The described Lustre configuration is designed to produce maximum throughput and storage volume for minimal money. The cost per node is at most 60% greater than the raw cost of disks. It is not a suitable design for high availability of a large number of nodes or large volumes of small I/Os. The configuration attempts to balance disk spindle speed limits (180MB/s per disk), RAID card limits (~500MB/s per card), chassis volume (44 disks) and uniform distribution of data across 2^n data disks such that 1MB I/O's stripe uniformly and network throughput via infiniband (40Gb/s or higher).
A schematic type drawing which shows the original Lustre system at NRAO/NM can be found here: lustre-schematic.pdf. The Lustre system has increased substantially since this drawing but the concept is the same.
Lustre Usage
The Lustre file system behaves much like any other Unix filesystem with respect to ownership and permissions. Computers must be explicitly set up to work with Lustre.
Observers with accounts like nm-<number> or cv-<number> already have a lustre area set up for them. It is their home account. Other users will need an area like /lustre/aoc/users/<username> or /lustre/cv/users/<username> set up for them by the local helpdesk. This area will be the same on any machine which can mount that Lustre file system. Note that NAASC Lustre is intended as "scratch" storage for ALMA dataflow operations.
By default, the Archive Access Tool writes data to subdirectories in /home/e2earchive (NM systems only). On systems that support Lustre, that should be referenced as /lustre/aoc/ftp/e2earchive to ensure all reads and writes are done via Lustre and not NFS. Lustre can be up to 10x faster than NFS.
FAQ
- Background
- What is Lustre?
Lustre is a parallel distributed file system. Data is distributed across multiple RAID arrays hosted on multiple servers. The entire set of arrays is then presented to the client as a single coherent file system. - What is its purpose?
We're using Lustre mostly for performance. Local disks are limited by spindle speed and head seek time. AIPS and CASA should see significant improvements in performance on machines with high speed access to Lustre. Parallel variants of CASA or Obit will see even larger gains. Lustre performance scales with the number of arrays, so adding storage improves total throughput and storage capacity.
- What is Lustre?
- Usage
- Where should I write data?
Observers with accounts like nm-<number> or cv-<number> should write data to their home account (~/) as it is already on Lustre. Other users should write data to an area like /lustre/aoc/users/<username> or /lustre/cv/users/<username>. Contact your local helpdesk to create such areas. - Can I write anything to Lustre?
Technically yes, but practically you shouldn't. Lustre is not designed for general storage. It's intended for short term storage to facilitate data reduction of EVLA/VLBA or other instrument data. - CASA
- Nothing specific at this time.
- AIPS
- How do I setup AIPS to see Lustre?
See AIPS on Lustre. It involves having a personal .dadevs.always file in your home account (~/) that tells AIPS to look at the central AIPS configuration files and then append your Lustre area. That way you see the local system disks plus your Lustre area whether you're on your desktop, a public machine or the eventual cluster.
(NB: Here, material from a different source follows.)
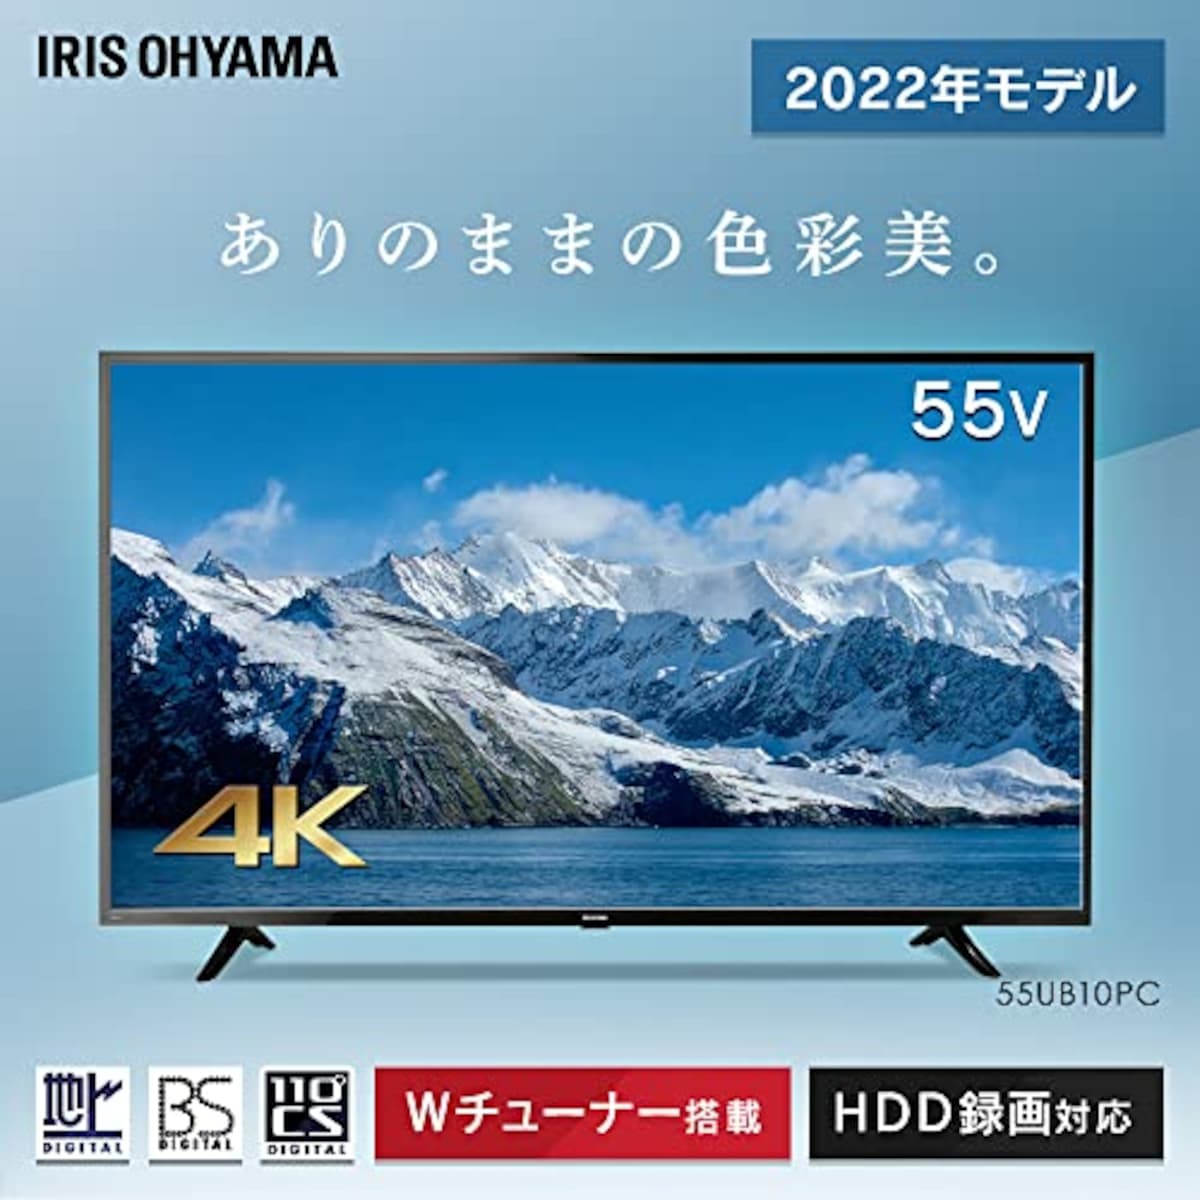  アイリスオーヤマ 55V型 4K対応 液晶 テレビ 55UB10PC 2022年モデル Wチューナー 裏番組同時録画 外付けHDD録画対応画像2

- How do I setup AIPS to see Lustre?
- Why can I see my Lustre AIPS area on machine-A but not on machine-B?
Most likely because the second machine is not set up to support Lustre.
- Where should I write data?
- Access
- Can I access Lustre from any machine?
No, only machines configured for Lustre can access it. It is not accessible on all Linux machines, and currently is unavailable for Windows and Mac systems. - How do I go get access from my Linux desktop?
Contact your local helpdesk. They will need to install kernel modules and if local networking permits, a 10Gb/s network card on your system. If you only have a 1Gb/s network card, performance will be limited. - Is there any difference between accessing Lustre from my machine versus the cluster or public machines?
Superficially no. All machines see exactly the same filesystem. Some machines, notably the cluster, will have much faster access.
- Can I access Lustre from any machine?
- Performance
- How fast is Lustre?
It depends. (NOTE: figures date from 2016) The aggregate bandwidth of the NRAO/NM Lustre file system is about 22,000MByte/second (MB/s). A single cluster node with an Infiniband connection can sustain about 3,000MB/s writes and 2,000MB/s reads. A single process on a single cluster node can sustain about 570MB/s writes and 500MB/s reads. However, as the available space in Lustre decreases so does the performance. - What causes the various limits?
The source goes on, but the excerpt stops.